Clinical staff were blinded to ZIKV infection history at the time of assessment. The study protocol was reviewed and approved by the Institutional Review Boards (IRBs) of the Ministry of Health of Nicaragua and RTI International. Prior to initiating study activities, parents provided consent, and children aged 6–16 years old provided assent. If the parent provided consent but the child did not assent, the child was not enrolled in the study.
Statistical methods
Demographic characteristics, possible confounders, and outcomes were summarized by ZIKV exposure; categorical measures were summarized with frequencies and percentages, and continuous data were summarized by presenting mean, standard deviation, median, and interquartile range (IQR). For binary outcomes, Chi-squared tests (or Fisher’s exact test when cell size n < 5) were used in univariate analyses to compare outcomes by ZIKV exposure.

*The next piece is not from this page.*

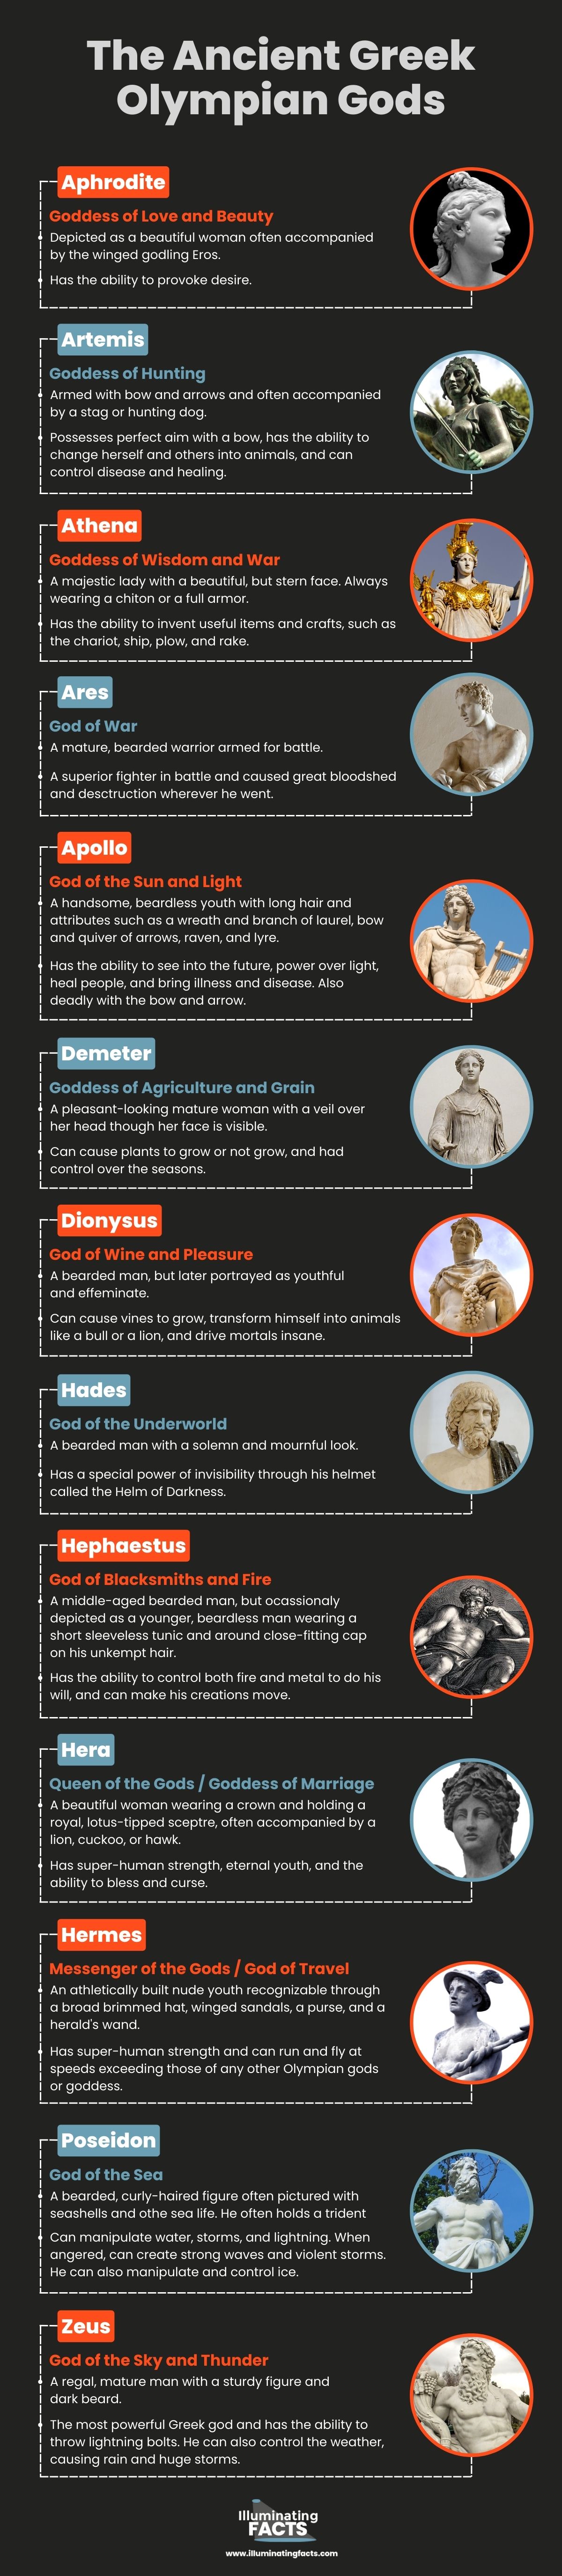 The Ancient Greek Olympian Gods
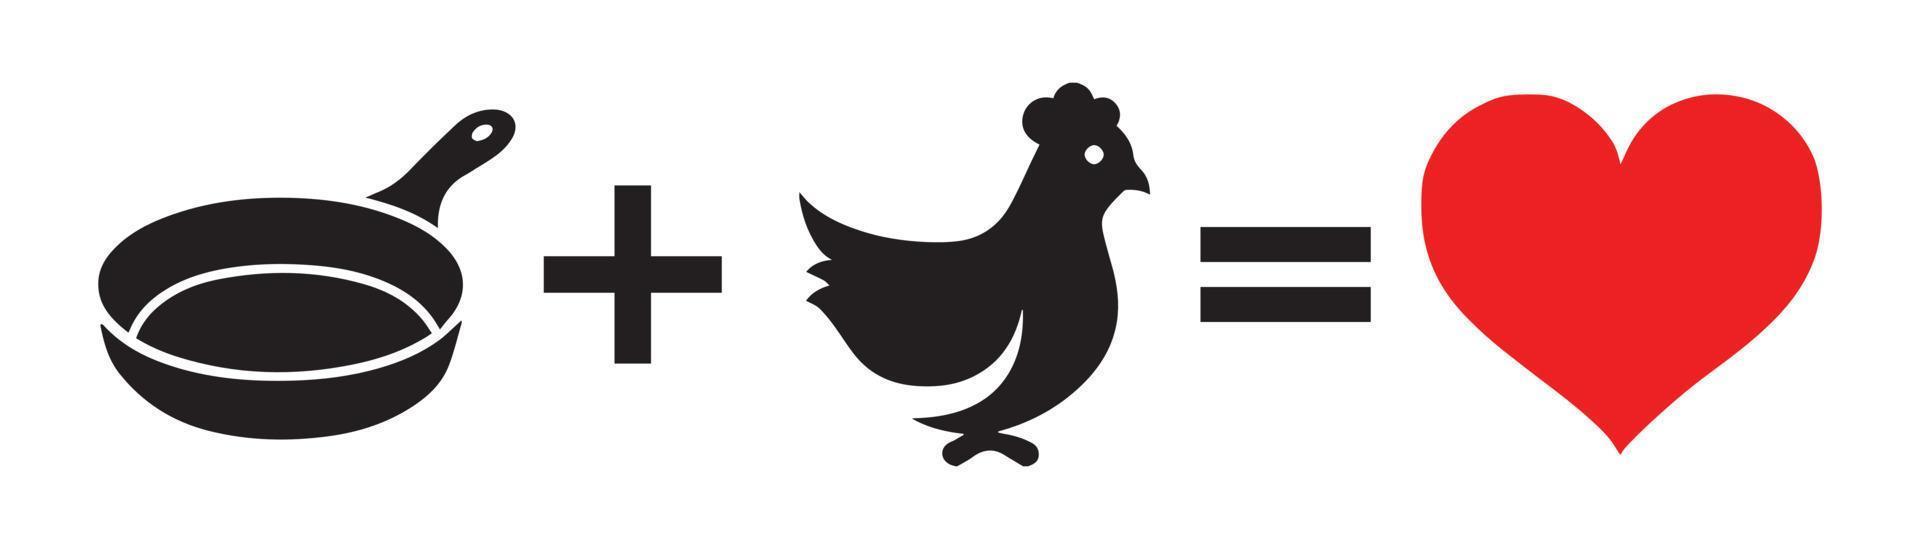 Pan, Chicken, Love. I love chicken design. I love Chicken dinner vector

Two-sample Wilcoxon rank-sum (Mann-Whitney) test was used to compare continuous outcomes by ZIKV infection. Neuropsychological test scores of the Batería IV Woodcock-Muñoz (Batería IV) < 40 are not given an exact score; therefore, scores noted as <40 were analyzed as a score of 39. In multivariable-adjusted models, factors that were univariably associated with the outcome and ZIKV infection with p < 0.10 were included in the models as covariates. Factors thought to be relevant based on scientific literature were also considered for inclusion as covariates. The primary quantitative outcome measures of interest, neurocognitive functioning scores, were compared by ZIKV infection using an ANCOVA model. All analyses were conducted using Stata 16.1 (StataCorp, College Town, TX).
Results
Study population
From January 1, 2016, to December 31, 2016, 3,460 children were actively followed via the PDCS. Of these, there were 560 Zika cases, including 374 RT-PCR positive cases. Between 2016 and the start of this study in 2019, 292 participants were still active in the PDCS when recruitment began. Of these, 43 could not be reached for recruitment and 11 children had aged out of the maximum age criteria by the end of the recruitment period. This left 238 previously ZIKV-infected children for the study (henceforth referred to as ‘ZIKV-infected’ or ‘infected’). As controls, 238 ZIKV-uninfected children of the same age and sex distribution were randomly selected from the PDCS cohort and contacted to assess eligibility criteria. In total, 194 ZIKV-infected and 216 uninfected children were enrolled (Fig. 1). Infected and uninfected children had similar distributions by sex and age (by design), as well as comparable parental employment, family history of neurological disease, and school type (Table 1). No participants reported a head injury since enrollment (3 responses were missing). ZIKV-infected children reported weaker family relationships, were more likely to be exposed to neurotoxic pesticides in the last 6 months, and were more likely to have a biological parent with a history of a psychological condition (Table 1). Twenty-seven percent of parents in both groups considered their children to learn slower than others. Grade repetition, sleep issues, and anxiety were observed in a quarter to one-half of participants in each group. Our proxy indicator of potential lead exposure showed limited battery shop exposure in both groups. Very little alcohol and drug use was reported among 13–17-year-olds, with no variability by ZIKV status (data not shown). Four ZIKV-infected children had abnormal otoacoustic emissions test results; all uninfected children had normal results.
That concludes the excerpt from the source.